Citation: Hoffman, Paul. “The Tao of IETF: A Novice’s Guide to the Internet Engineering Task Force: draft-hoffman-tao4677bis-13.” Internet-Draft. October 2011.

My ISO Job: Guidance for delegates and experts: International Organization for Standardization.
This introductory level booklet is a guide for delegates to the International Organization for Standardization (ISO), so it is geared specifically to those participating in ISO-level standards work. For those who may be first-time ISO participants, the booklet usefully summarizes the different stages of its projects, which can be confusing for newcomers, and also explains the business (or “market”) aspect of standards development, which is important to recognize, even for those coming from academia or libraries.

Citation: International Organization for Standardization. My ISO Job: Guidance for delegates and experts. Geneva: ISO, 2008.

Joining in: Participating in International Standardization.: Updegrove, Andrew.
This booklet expands beyond the information in the booklet My ISO Job, by providing additional details on ISO-level standards work for its delegates. It would be primarily of interest for those attending ISO meetings.

Citation: Updegrove, Andrew. Joining in: Participating in International Standardization. Geneva: ISO, 2007.

The Essential Guide to Standards: Updegrove, Andrew.
This freely available handbook on standards is primarily written from a business perspective. Chapter 2, “Participating in Standards Setting Organizations: Value Propositions, Roles And Strategies,” contains only a short section on universities (3.2.2.). A humanities project might, for example, use for its character encoding Unicode (an international standard), provide metadata in the header according to the TEI P5 guidelines (a de facto standard), and use a Cascading Style Sheet (developed by World Wide Web Consortium, a standards organization).

Citation: Updegrove, Andrew.
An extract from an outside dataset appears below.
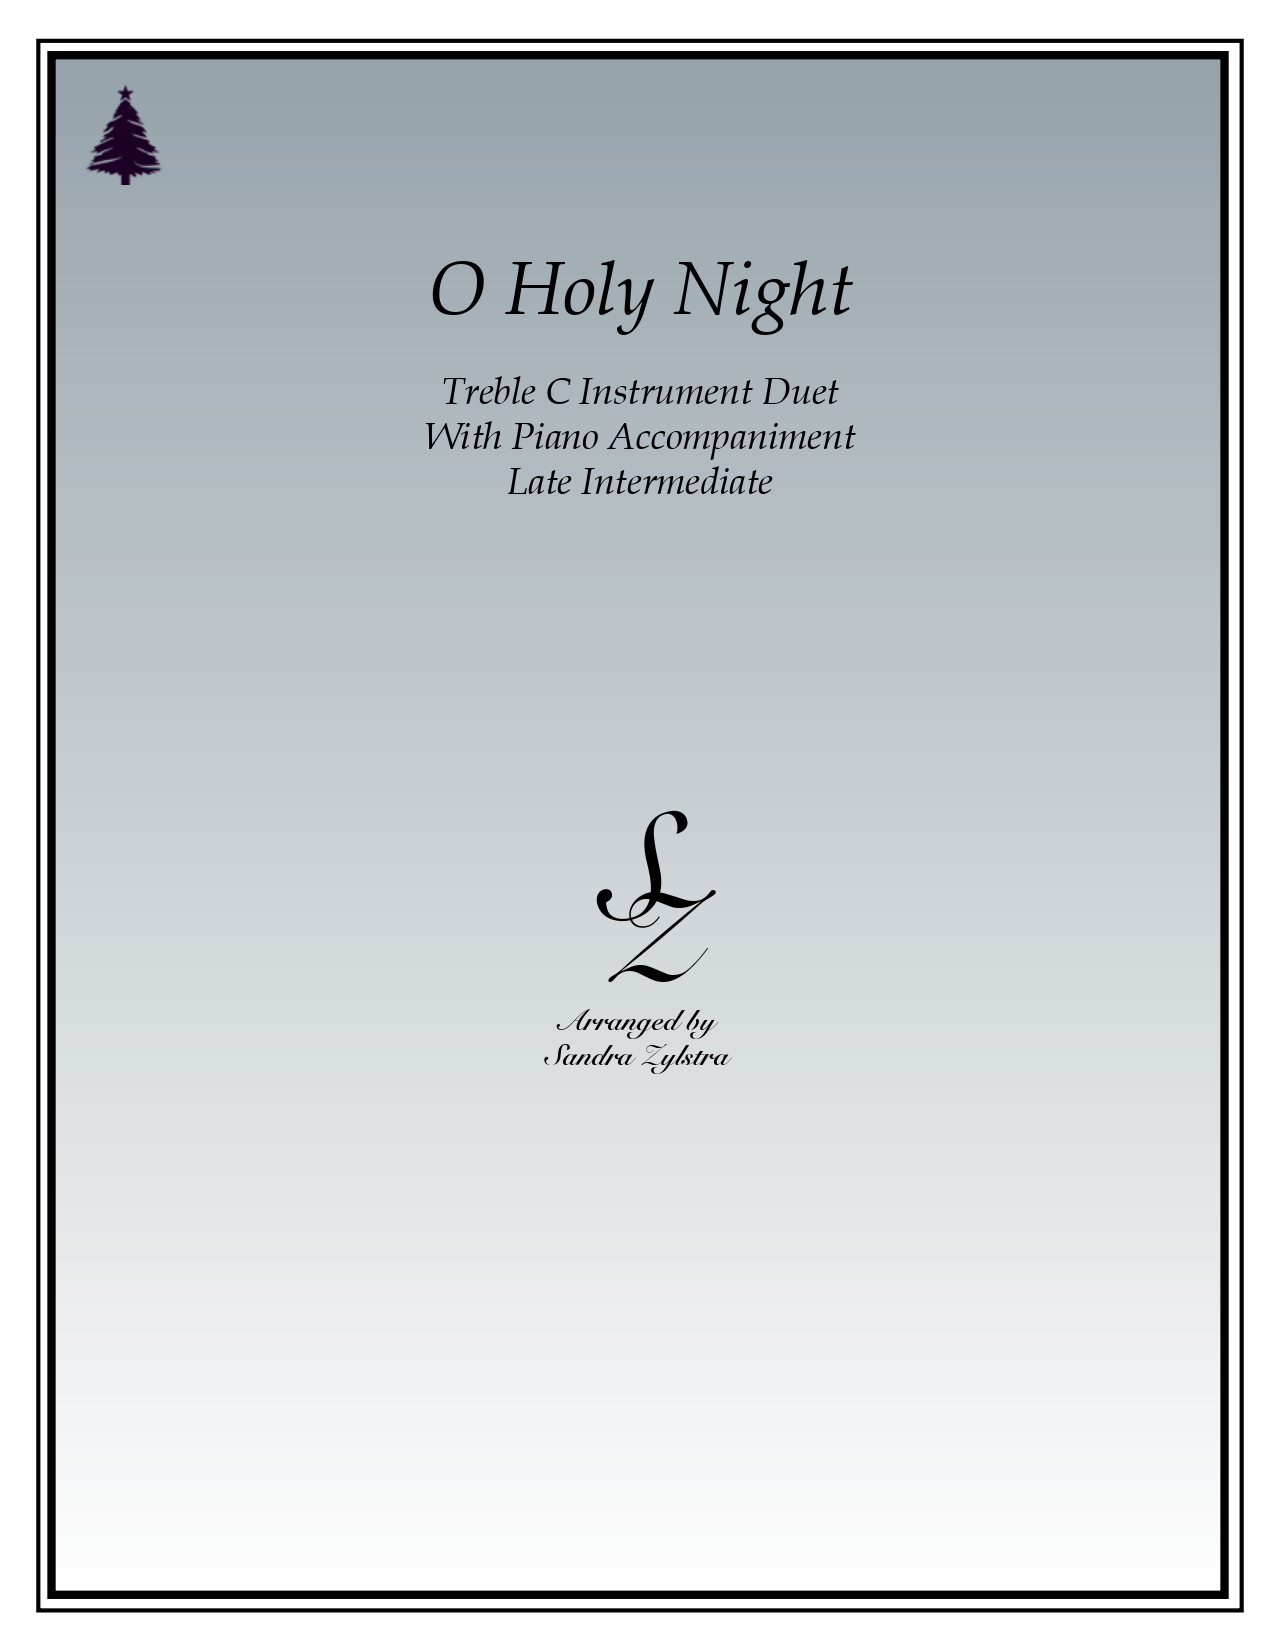 O Holy NIght treble C instrument duet parts cover page 00011

The Essential Guide to Standards. ConsortiumInfo.org, 2007.

The Unicode Standard: Tne Unicode Consortium.
The Unicode Standard is an international character encoding standard. For data curation, relying on Unicode as the basis for the letters and symbols used in text will guarantee interoperability, because this standard is widely adopted in computers and software and in various projects. Unicode contains the same characters as ISO/IEC 10646, which is its ISO counterpart. The “unicode.org” website is the most readily accessible way to view the standard today. Properly speaking, The Unicode Standard also includes additional specifications beyond character codepoints, just as line-breaking information.

Citation: Tne Unicode Consortium. The Unicode Standard.

Preservation: Smith, Abby.
This article is a very useful resource focusing on the value of standards for humanities data curation. Several funding agencies, including NEH and NSF, are now requiring a data management plan, which includes documentation of the data, metadata format, and content standards being used.

Citation: Smith, Abby. “Preservation.” A Companion to Digital Humanities. ed. Susan Schreibman, Ray Siemens, John Unsworth. Oxford: Blackwell, 2004.

International Organization for Standardization (ISO): International Organization for Standardization.
ISO is the largest standards body today. The work on information technology, which touches data curation, is carried on in by its Joint Technical Committee, JTC1. JTC1 is ISO’s main organ for standards development in information technology. Under JTC1 are various Working Groups (WG), Special Working Groups (SWG), and Subcommittees (SC), whose work covers topics relevant to humanities data curation including coded character sets, digitally recorded media for information interchange and storage, document description and processing languages, computer graphics, image processing.

Citation: International Organization for Standardization. ISO – International Organization for Standardization.